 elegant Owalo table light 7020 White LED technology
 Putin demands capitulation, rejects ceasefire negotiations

· · ·

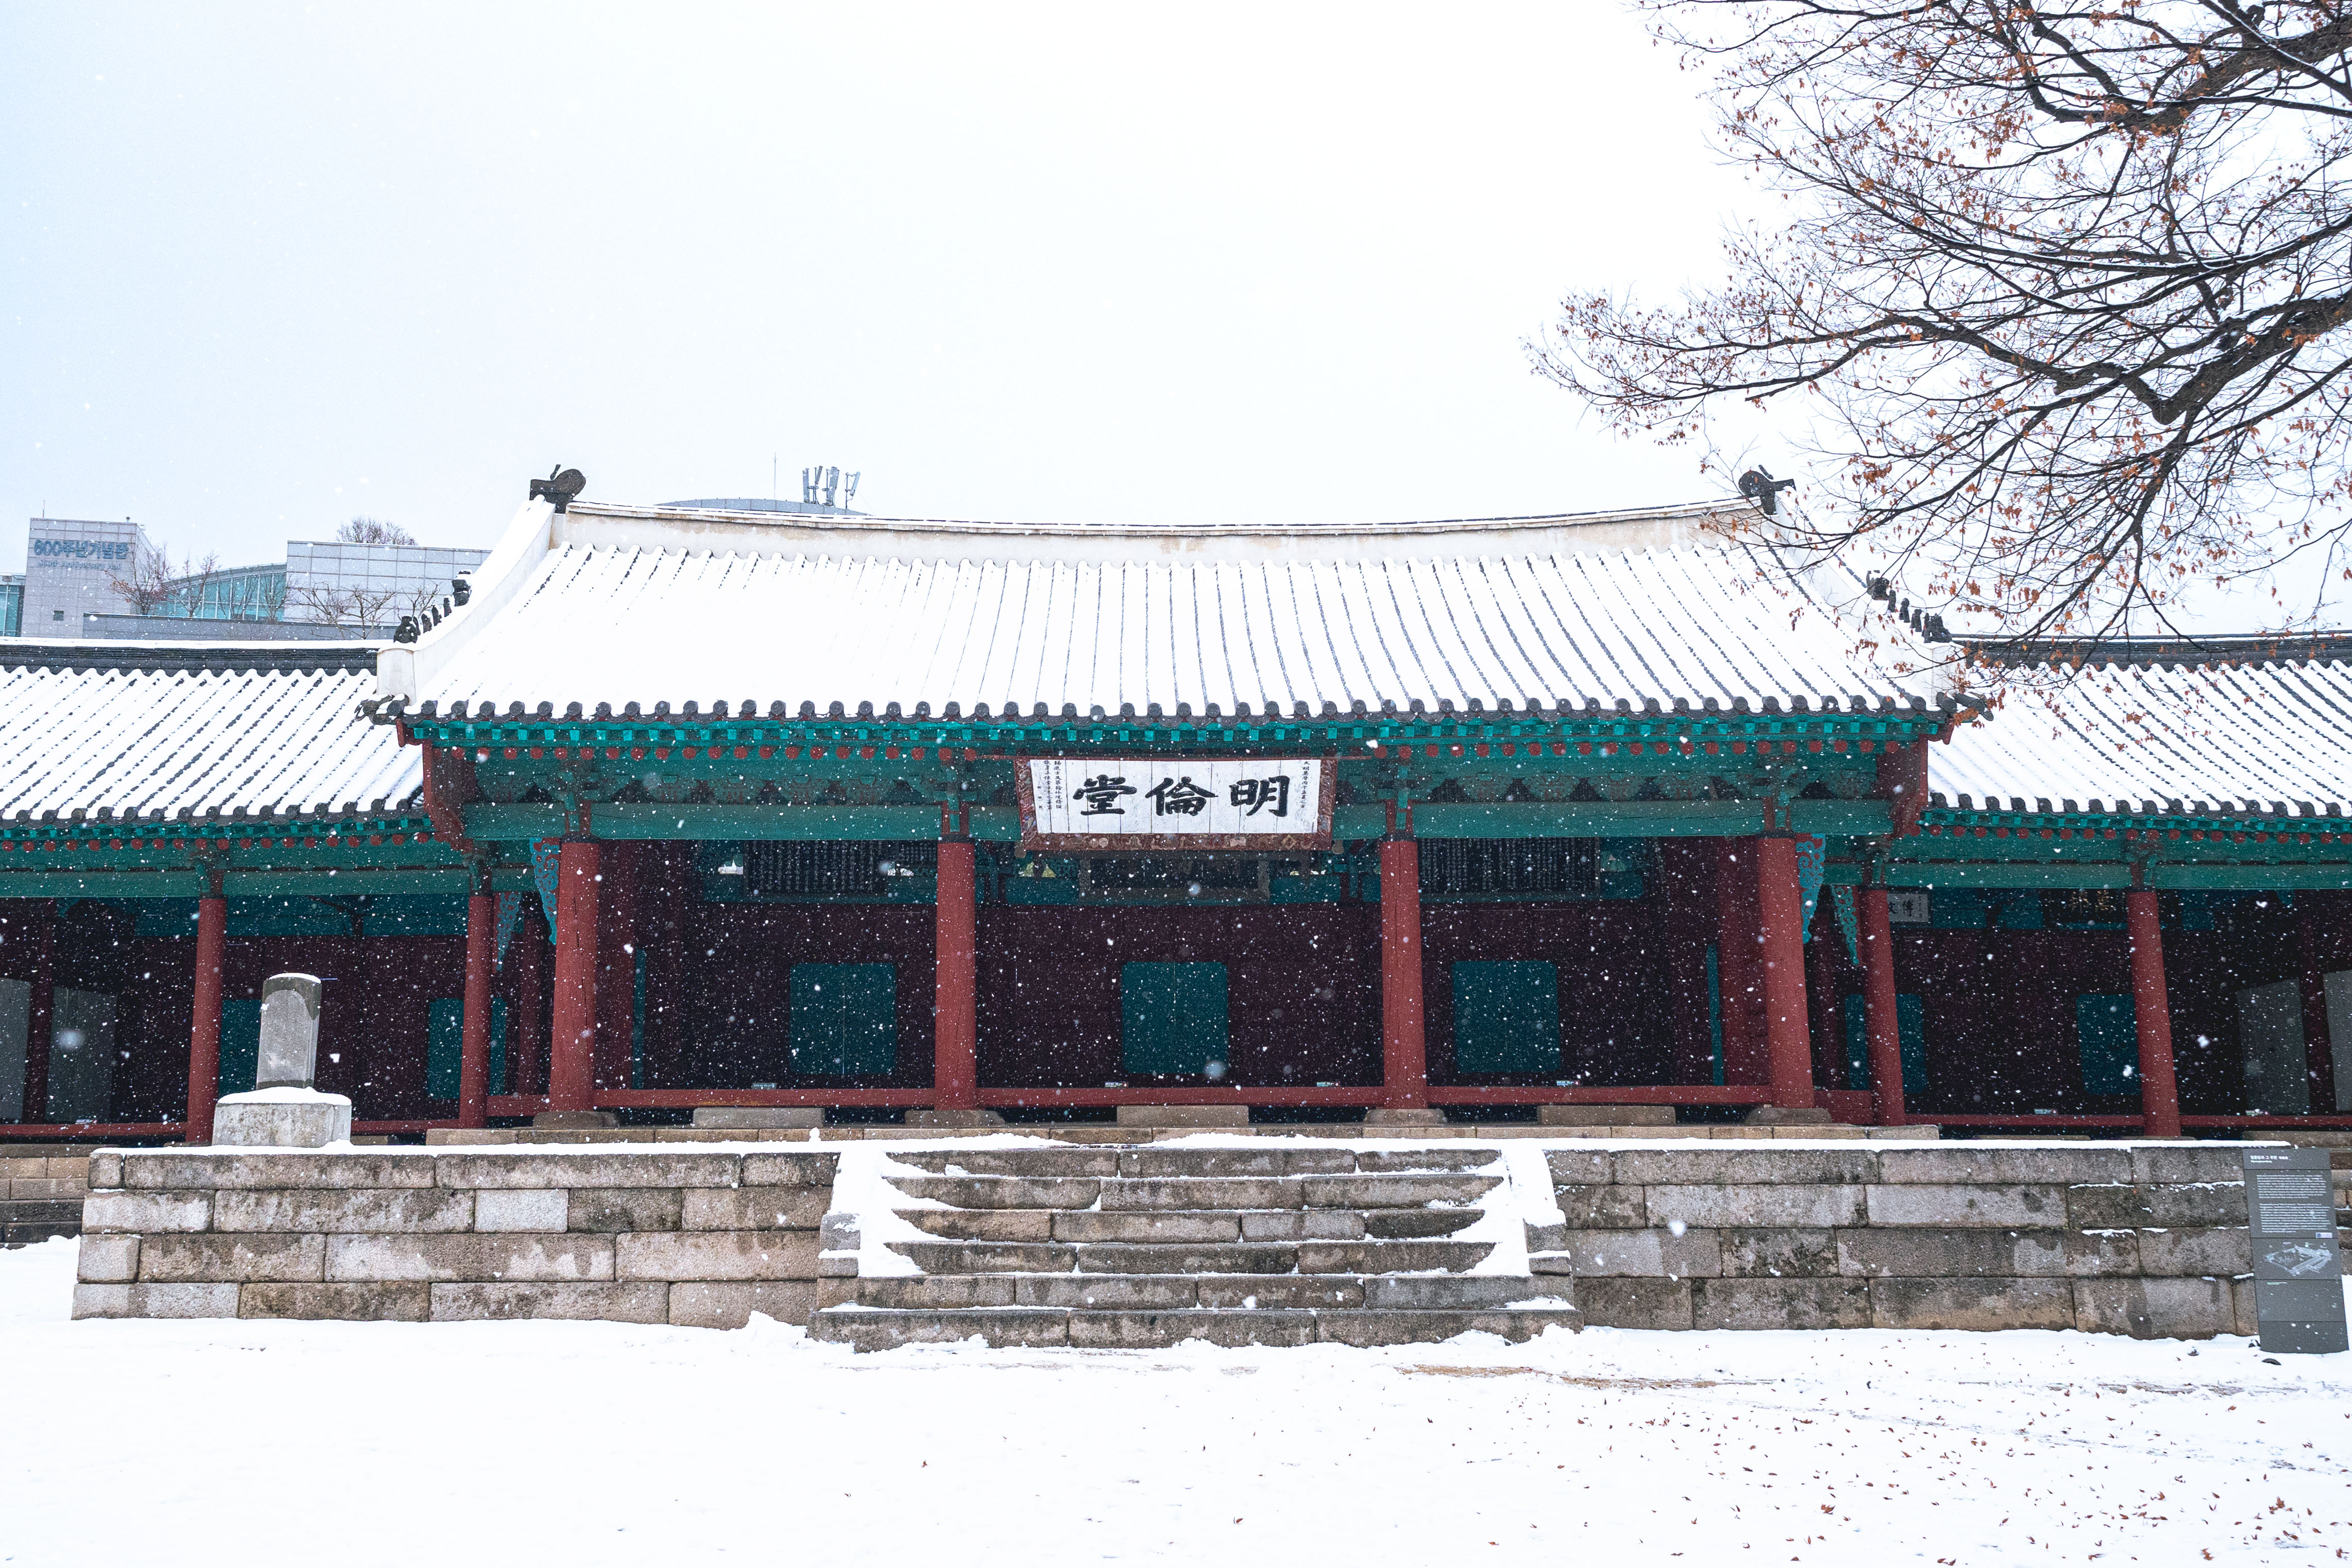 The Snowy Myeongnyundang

· · ·

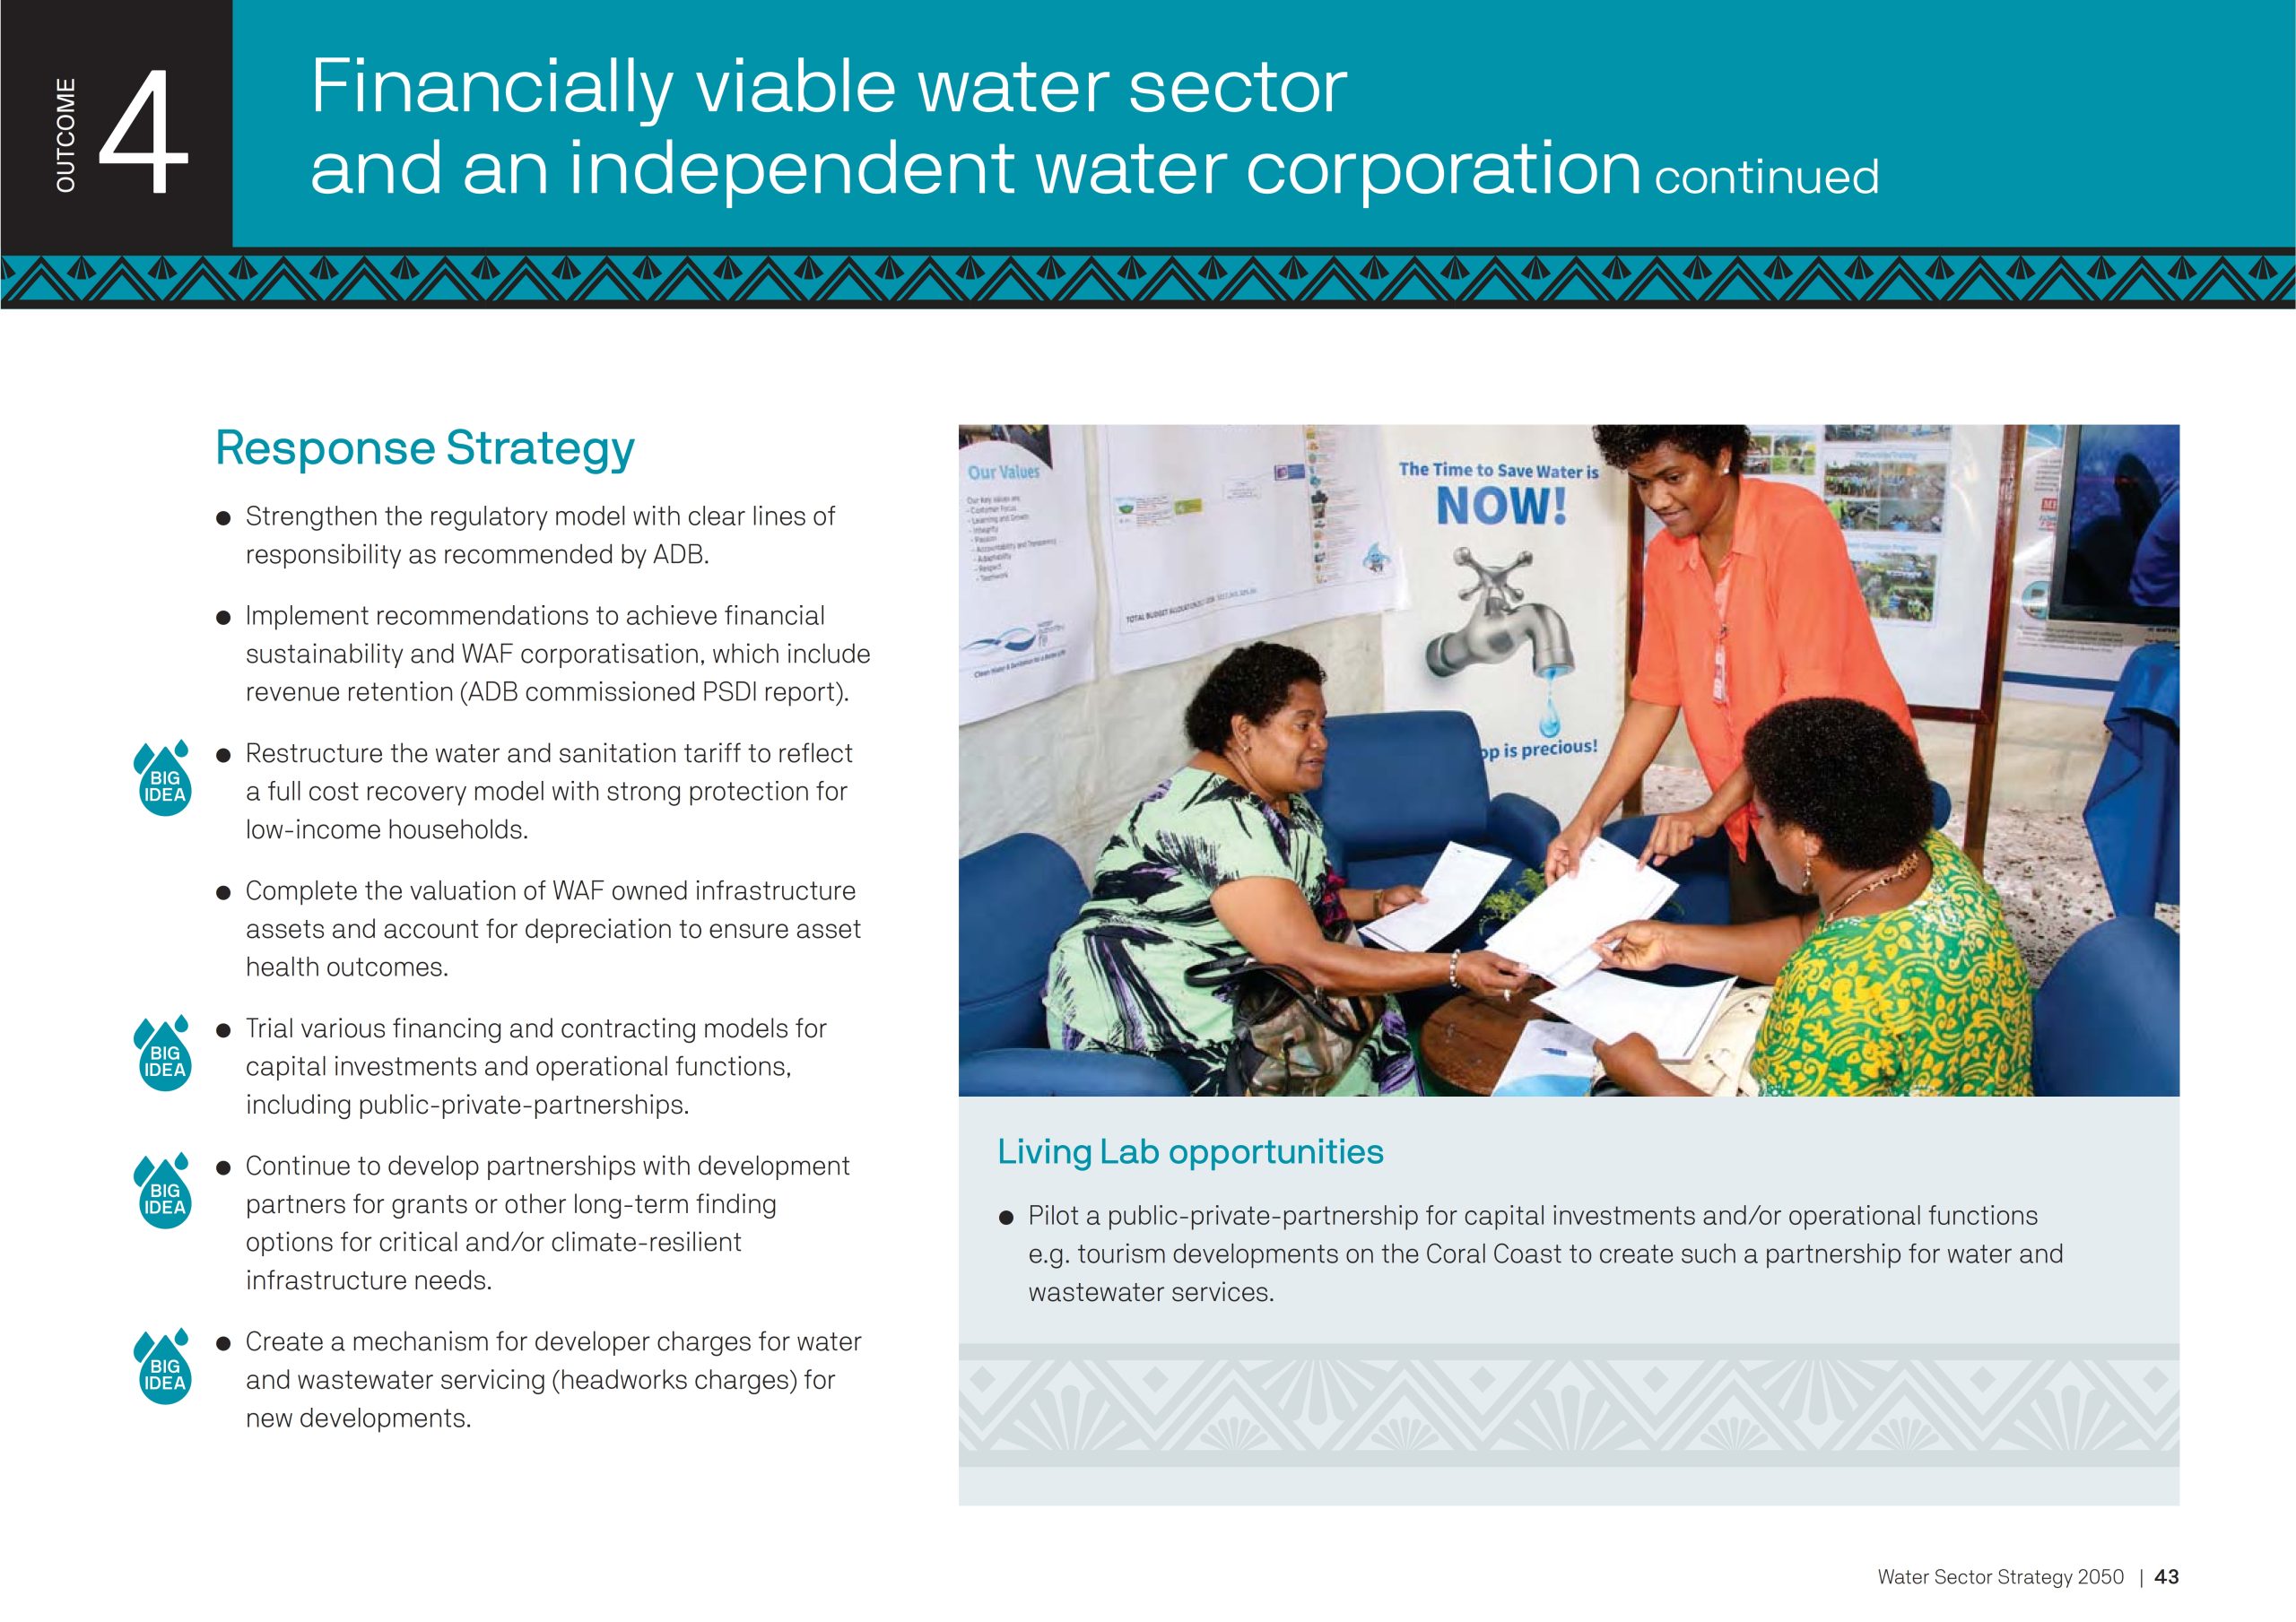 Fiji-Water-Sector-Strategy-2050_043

· · ·

Exercise details - Lines wanted from the listing above: the line with "elegant Owalo table" up to and including the line with "Putin demands capitulation, rejects". Please write them out exactly, adding nothing else.

Task output -
 elegant Owalo table light 7020 White LED technology
 Putin demands capitulation, rejects ceasefire negotiations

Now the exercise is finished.